Static assets return Cache-Control: public, immutable.
curl https://example.com/.env returns 403.

Step 5 — Auto-Renew TLS and Reload Nginx

Certificates expire every 90 days. Certbot installs a systemd timer (certbot.timer) that runs renewal twice daily, but it does not automatically reload Nginx after renewal. You must hook into the post-renewal step.

# /etc/letsencrypt/renewal-hooks/deploy/reload-nginx.sh
#!/bin/bash
set -e
nginx -t && systemctl reload nginx

chmod +x /etc/letsencrypt/renewal-hooks/deploy/reload-nginx.sh

# Test the full renewal flow without actually renewing
certbot renew --dry-run

Common Production Failure Modes

Every pattern in this configuration exists because something broke in production. Here are the most frequent failure modes engineers encounter with this exact setup:

502 Bad Gateway after deploy: The app process restarted but the upstream keepalive pool still holds a connection to the old process FD. Fix: set proxy_next_upstream error timeout invalid_header http_502 so Nginx retries the next backend on failure.
Cache poisoning via Host header injection: An attacker sends a crafted Host header; Nginx caches a response keyed to a different domain. Fix: explicitly set proxy_cache_key "$scheme$host$request_uri" and never include user-supplied headers in the cache key.
HSTS locking out a domain: If you set a long max-age and then need to revert to HTTP (expired cert, misconfiguration), browsers will refuse to connect for the entire HSTS duration.
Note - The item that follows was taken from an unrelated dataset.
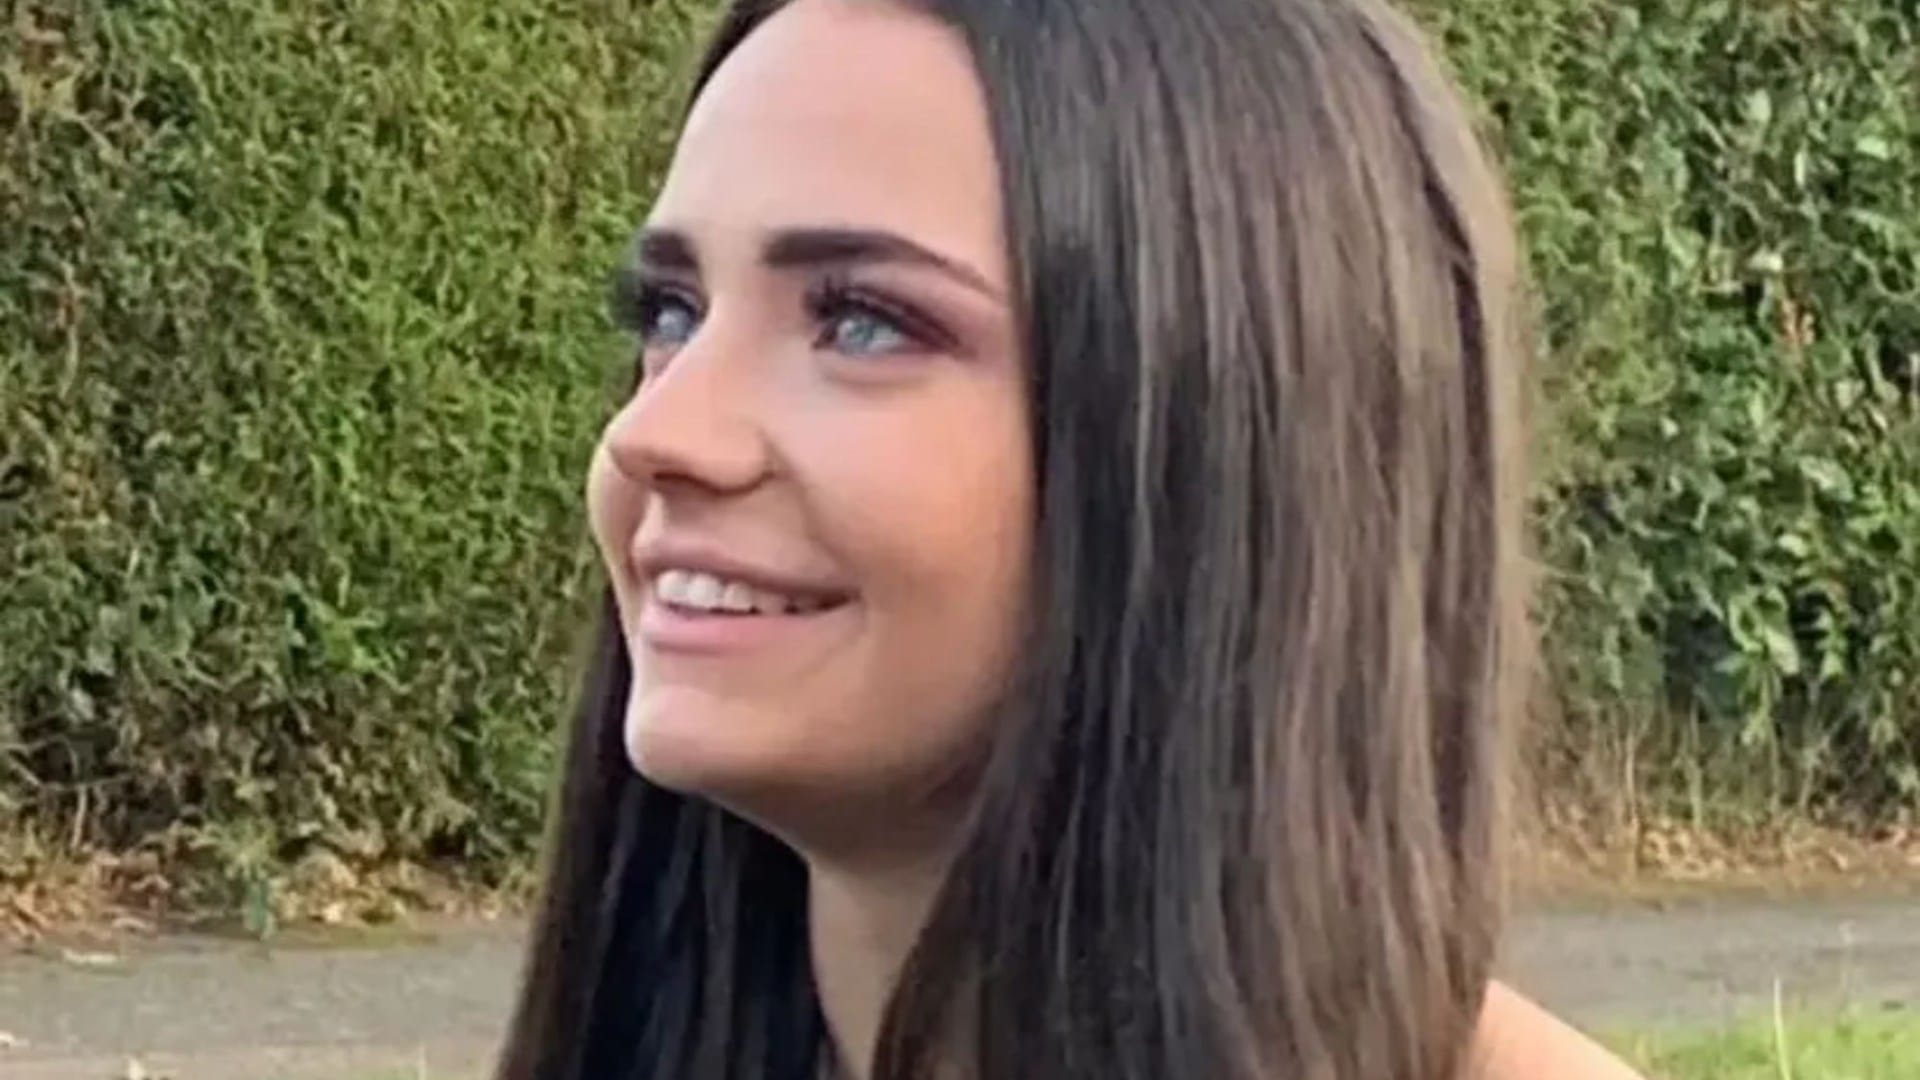 Heartbroken dad of ‘healthy’ teen who died after suffering ‘blurry vision’ reveals deepest regrets in warning to others

Start with max-age=300 in staging; only set 63072000 (two years) in production when fully stable.
Rate limiting blocking legitimate users behind NAT: A corporate proxy means hundreds of users share one IP. A per-IP rate limit of 30r/s becomes 0.3r/s per user. Mitigate with $http_x_forwarded_for (if a trusted proxy sets it) or increase burst values for API routes used by desktop apps.
Certificate renewal fails silently: Certbot renews the cert but the deploy hook was not made executable. Result: Nginx keeps serving the old certificate until it expires. Always certbot renew --dry-run immediately after adding renewal hooks.

Never set add_header inside a location block and also at the server block level — they do not merge. An add_header inside a location block replaces all inherited headers from the parent server block. If you set HSTS at the server level and then add any add_header inside a location /api/ block, the HSTS header will be silently dropped for all API responses. The fix is to repeat all required security headers in every location block, or to set them only at the server level and never inside location blocks.

What You Have Built

This configuration implements every layer of a production-grade front-end: TLS 1.2/1.3 with OCSP stapling and session resumption, HTTP/2, automated certificate renewal, HSTS preloading, a full security header set, disk-backed proxy caching with stale-while-revalidate semantics, per-route rate limiting with burst headroom, upstream keepalive connection pooling, structured JSON access logs, and a clean separation between static file serving (zero app process involvement) and dynamic proxying. It is the exact pattern used across cloud-native environments at high-traffic companies — parameterized to a different upstream block and a different domain, it becomes the front-end for any application in your stack.